O único Estado que nunca interrompeu sua coleta de dados pesqueiros é São Paulo, por meio do Instituto de Pesca. "Ter dados estaduais ajuda, mas não basta", diz Marcus Carneiro, pesquisador e coordenador de projetos do instituto. "Apesar de todo o acompanhamento que fazemos, só sabemos aquilo que foi desembarcado em São Paulo, não tudo o que foi pescado."

Carneiro explica que o peixe que é descarregado no Estado não foi necessariamente pescado em águas paulistas. É comum barcos da frota de São Paulo pescarem em outros Estados, assim como há barcos de outros Estados que pescam no litoral paulista e voltam ao seu porto de origem para descarregar. Assim, só um monitoramento nacional seria capaz de identificar com precisão esse vai e vem das pescarias -- indispensável para uma gestão adequada dos recursos pesqueiros.

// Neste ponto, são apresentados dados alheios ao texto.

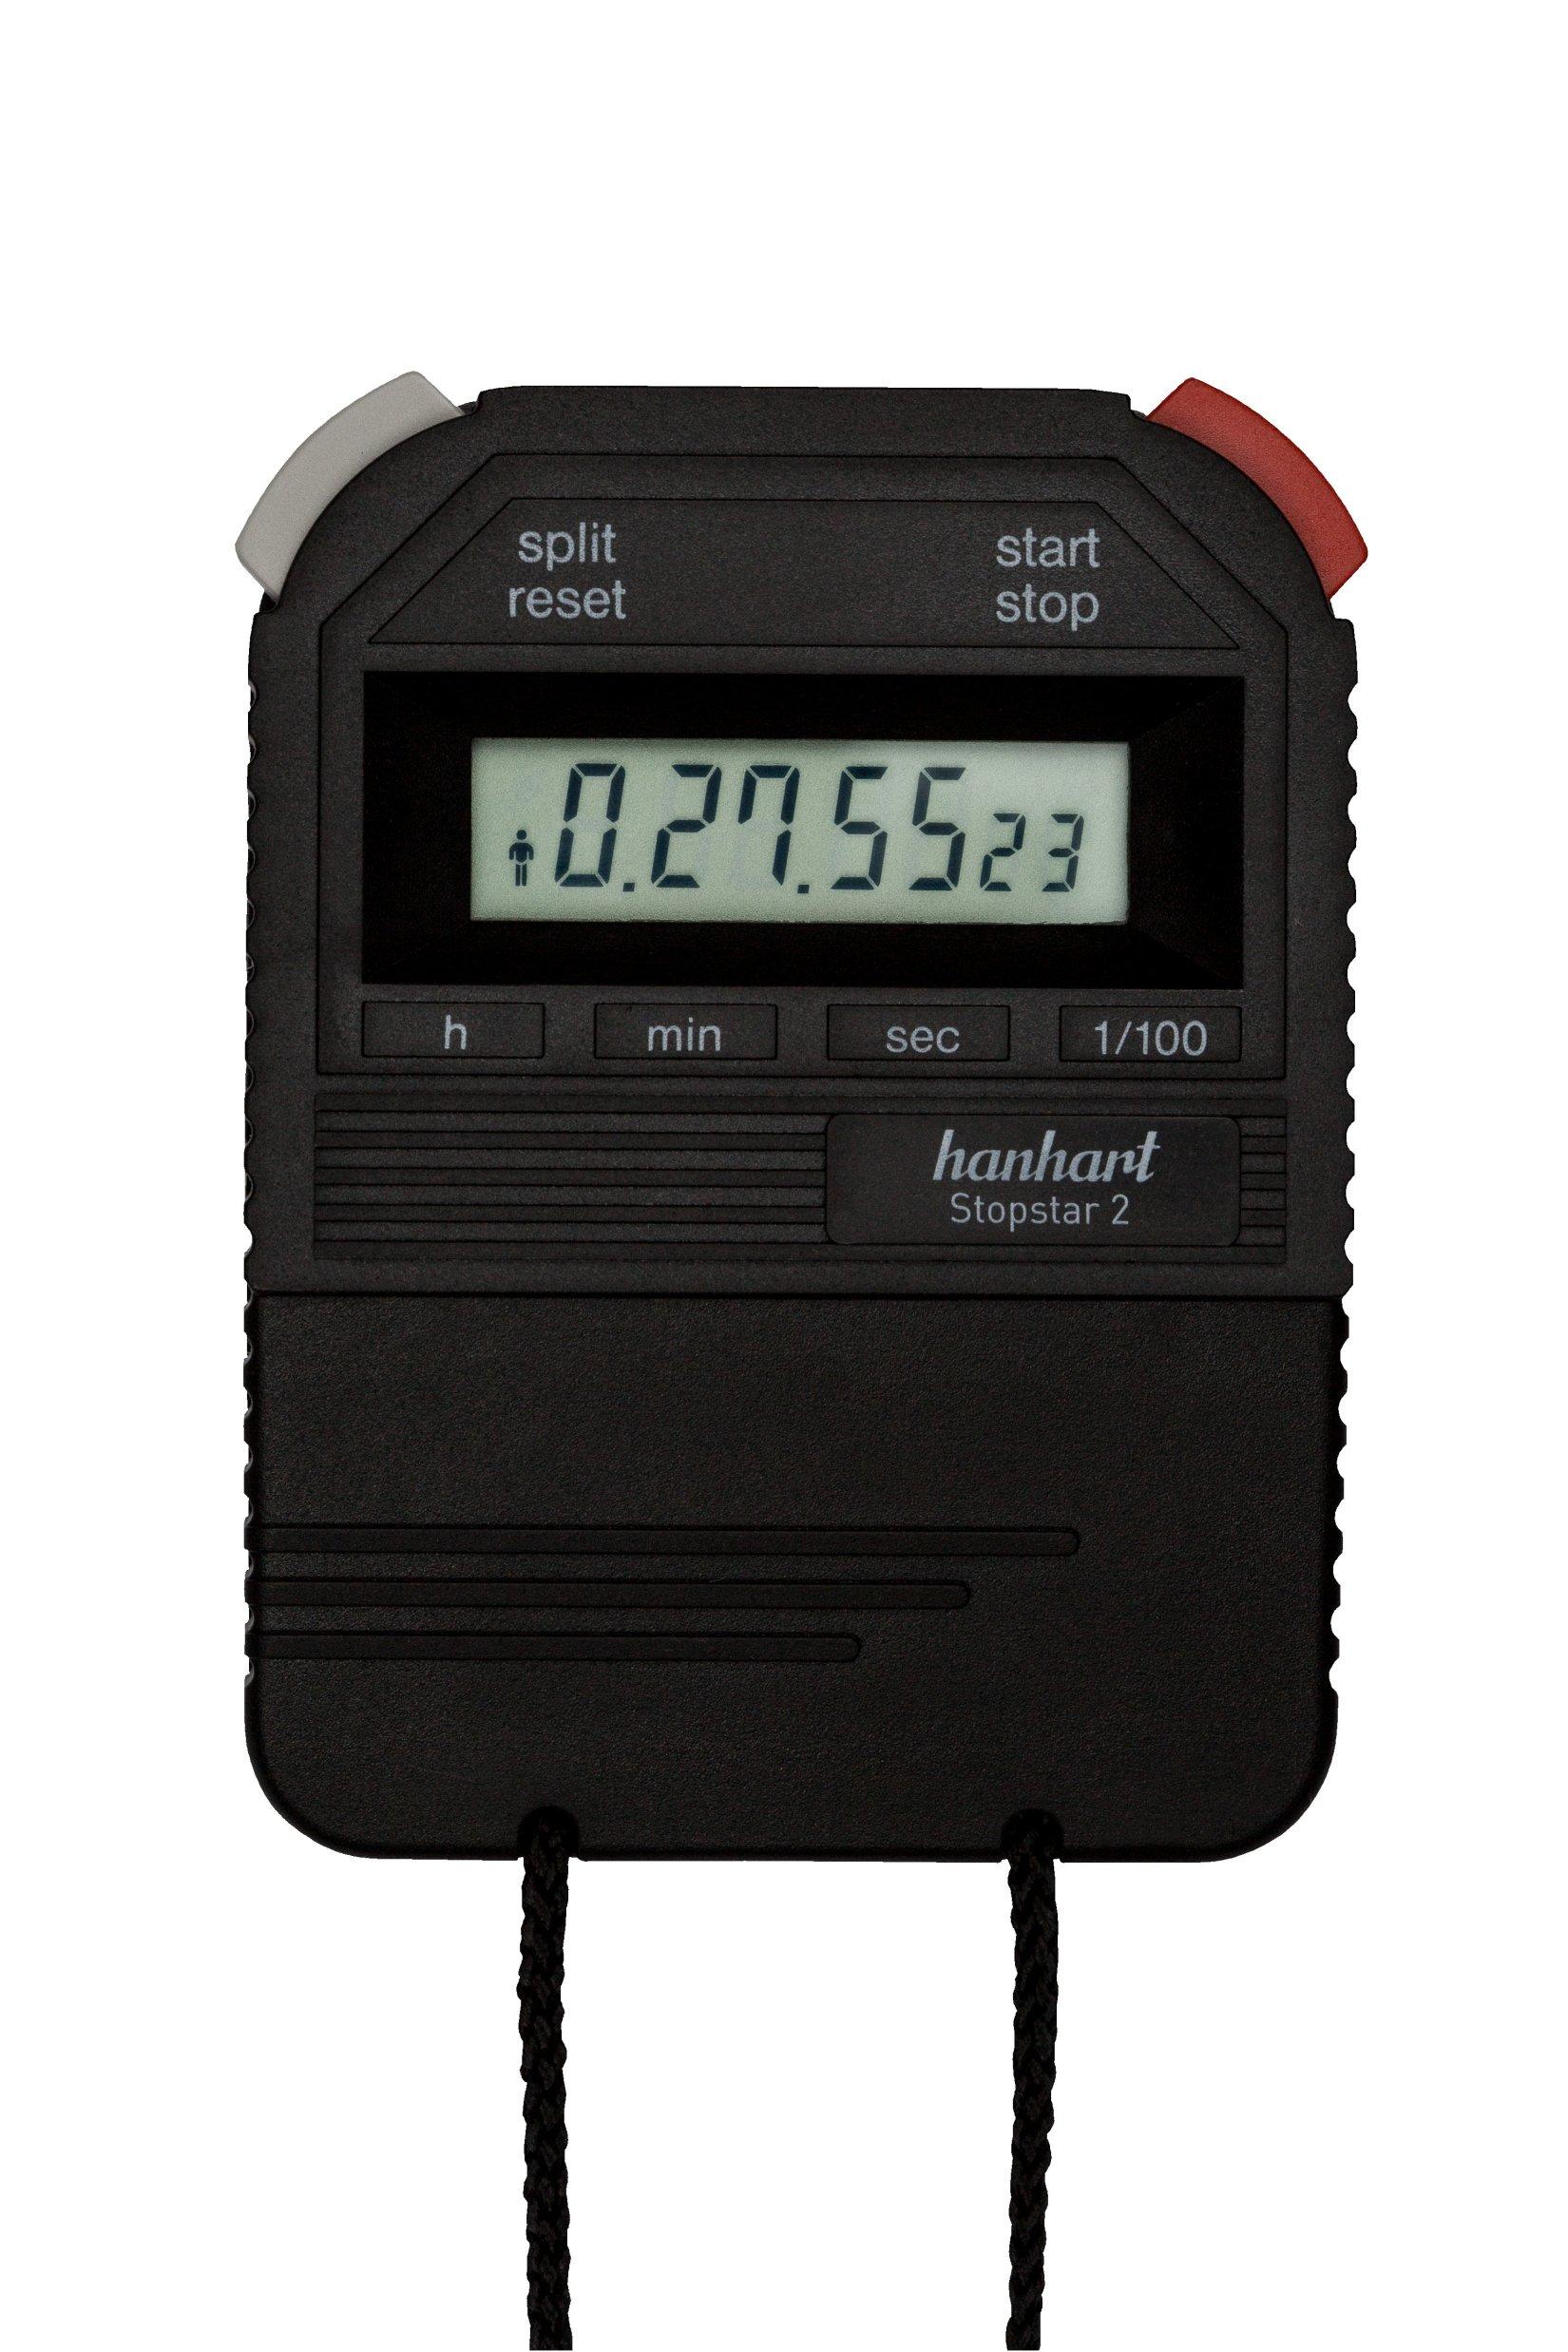 Hahnhart stopwatch met 2 toetsen bediening

"Os dados que tínhamos (até 2011) não eram os melhores, mas permitiam fazer algum tipo de análise", diz o biólogo Ronaldo Francini Filho, especialista em peixes, corais e manejo de recursos marinhos, da Universidade Federal da Paraíba. "Agora, basicamente, não temos estatística pesqueira nenhuma. É uma lacuna enorme."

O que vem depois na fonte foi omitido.